Dalai Lama, for one, is political and religious Tibetan leader, personally and collectively forgave the Chinese despite assailing and killing many of his countrymen. According to him, human beings should forgive his fellowmen for having committed brutalities against him and against humanity. What Lama wants is restoration of love rather than losing compassion against wrongdoers (Wiesenthal, p. 129). Although Lama believes that a person must forgive but not necessarily forget, it can still be implied as in the latter case, that you are not better than your enemies if you know not to, at least, forgive them.
Another one is Nelson Mandela, first South African black president. His family was harassed. He was imprisoned under maximum security for 27 years for charges of overthrowing the oppressive white minority government. Yet, when released from prison, during his inauguration as South African President, he even invited his jailers.

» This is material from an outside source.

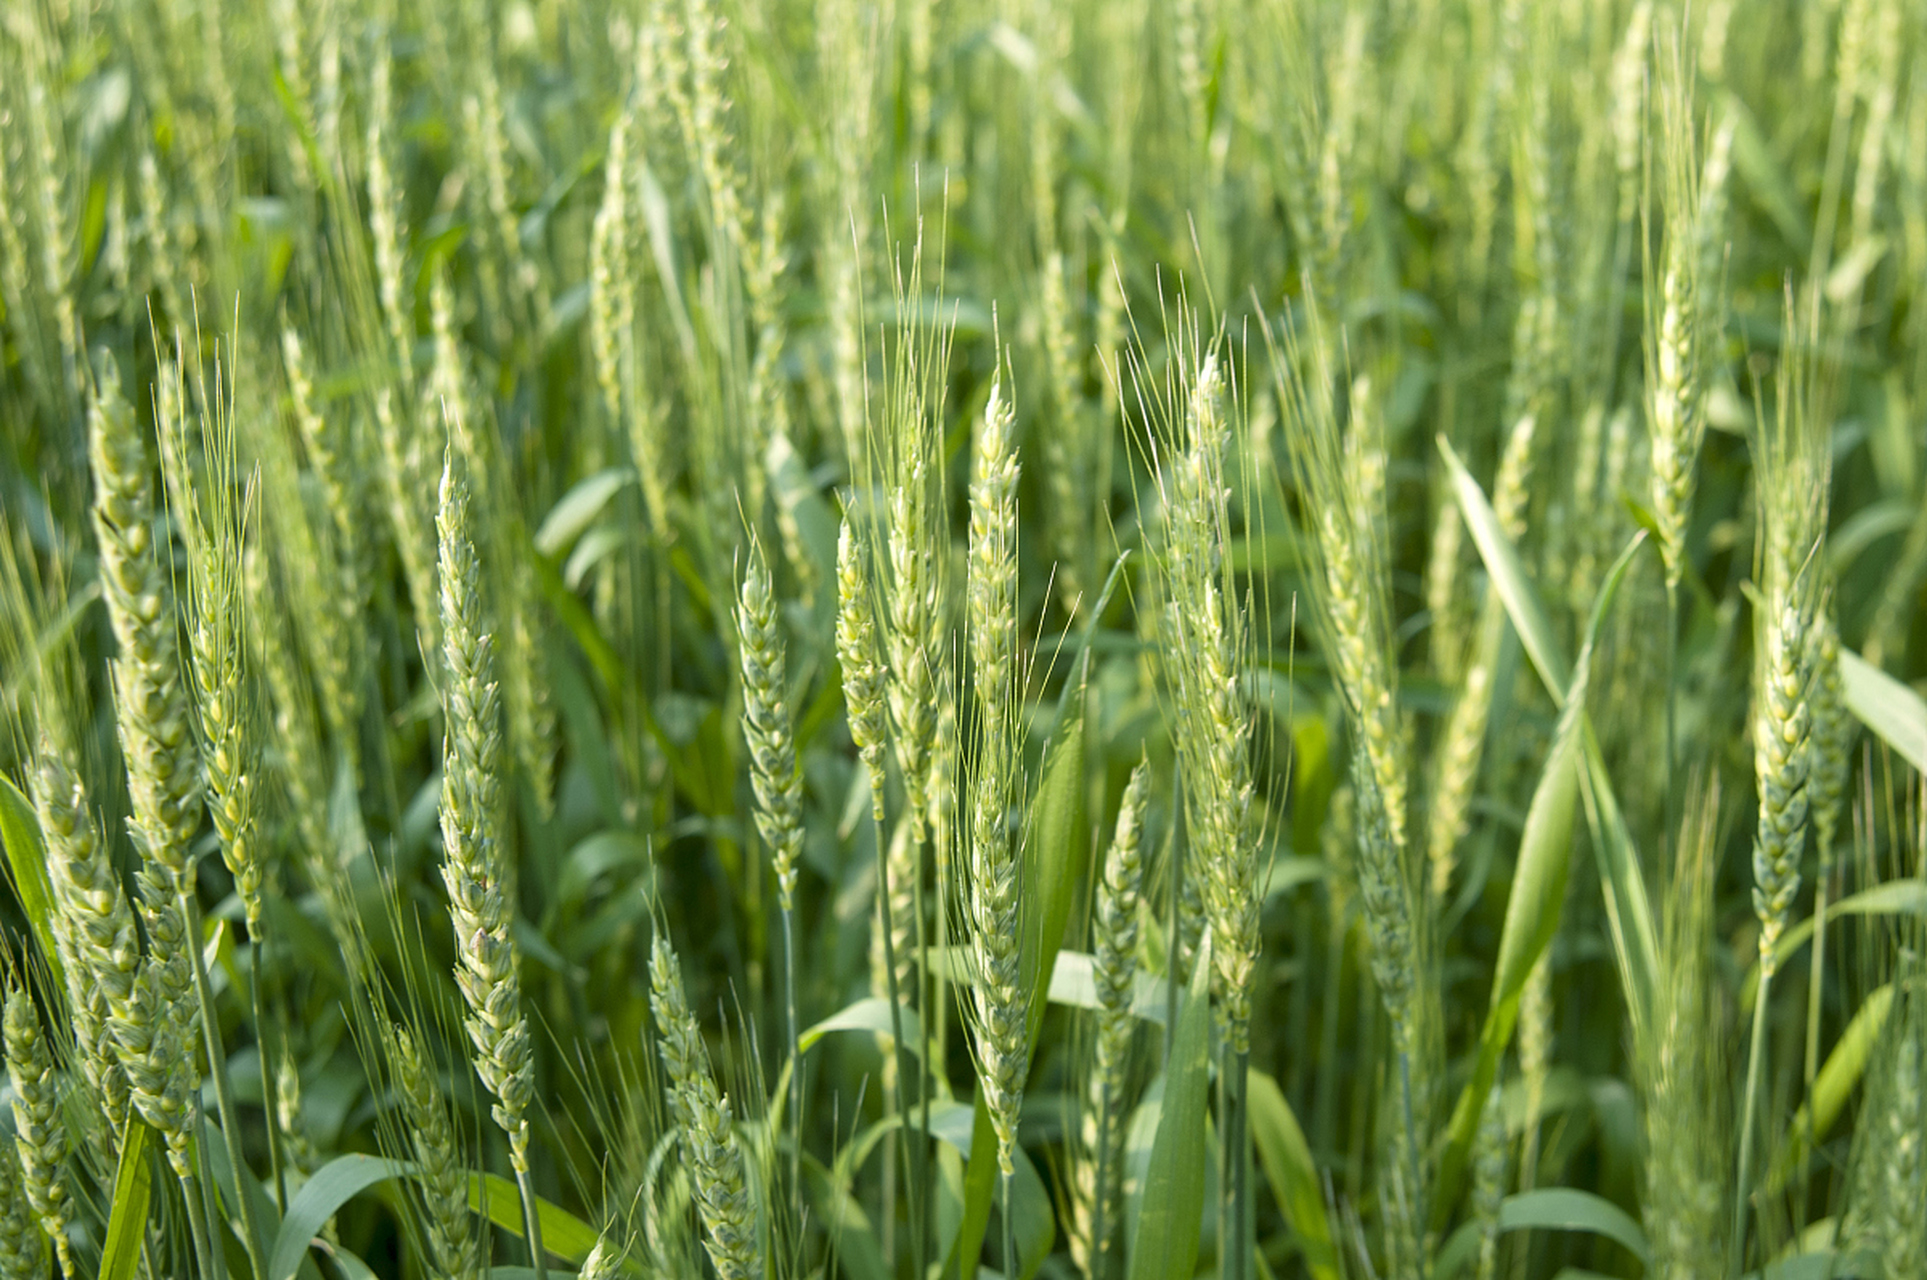 艾麦24是一种半冬性中早熟的小麦品种,全生育期为224

There are other examples of atrocities done to mankind by fellow human beings. Included but not limited are during the Khmer Rouge, China’s Cultural Revolution and countless others. There are also individual (Harry Wu, Moshe Bejski, Primo Levi, Marietta Jaeger, et al) and case to case bases (e.g., abduction, torture, rape, murder, etc.) as determined by circumstances, culture, religion and life situations (e.g., age, gender, family status, marital status, socio-economic standing, etc.) concerning inhumane acts or violation of individual human rights.
So, combining all the evil deeds done to humanity, the sufferings or plight of the blacks is not an exception: it is not an exception to the annals of men’s violation of human rights. Concerning Malcolm X (1925-1965), an American Muslim civil rights leader, I think he would have forgiven his wrongdoers. In the words of Malcom himself, before his assassination:
I did many things as a [Black] Muslim that I'm sorry for now. I was a zombie then – like all [Black] Muslims – I was hypnotized, pointed in a certain direction and told to march. Well, I guess a man's entitled to make a fool of himself if he's ready to pay the cost. It cost me 12 years. That was a bad scene, brother. The sickness and madness of those days – I'm glad to be free of them. (qtd. in Parks 122).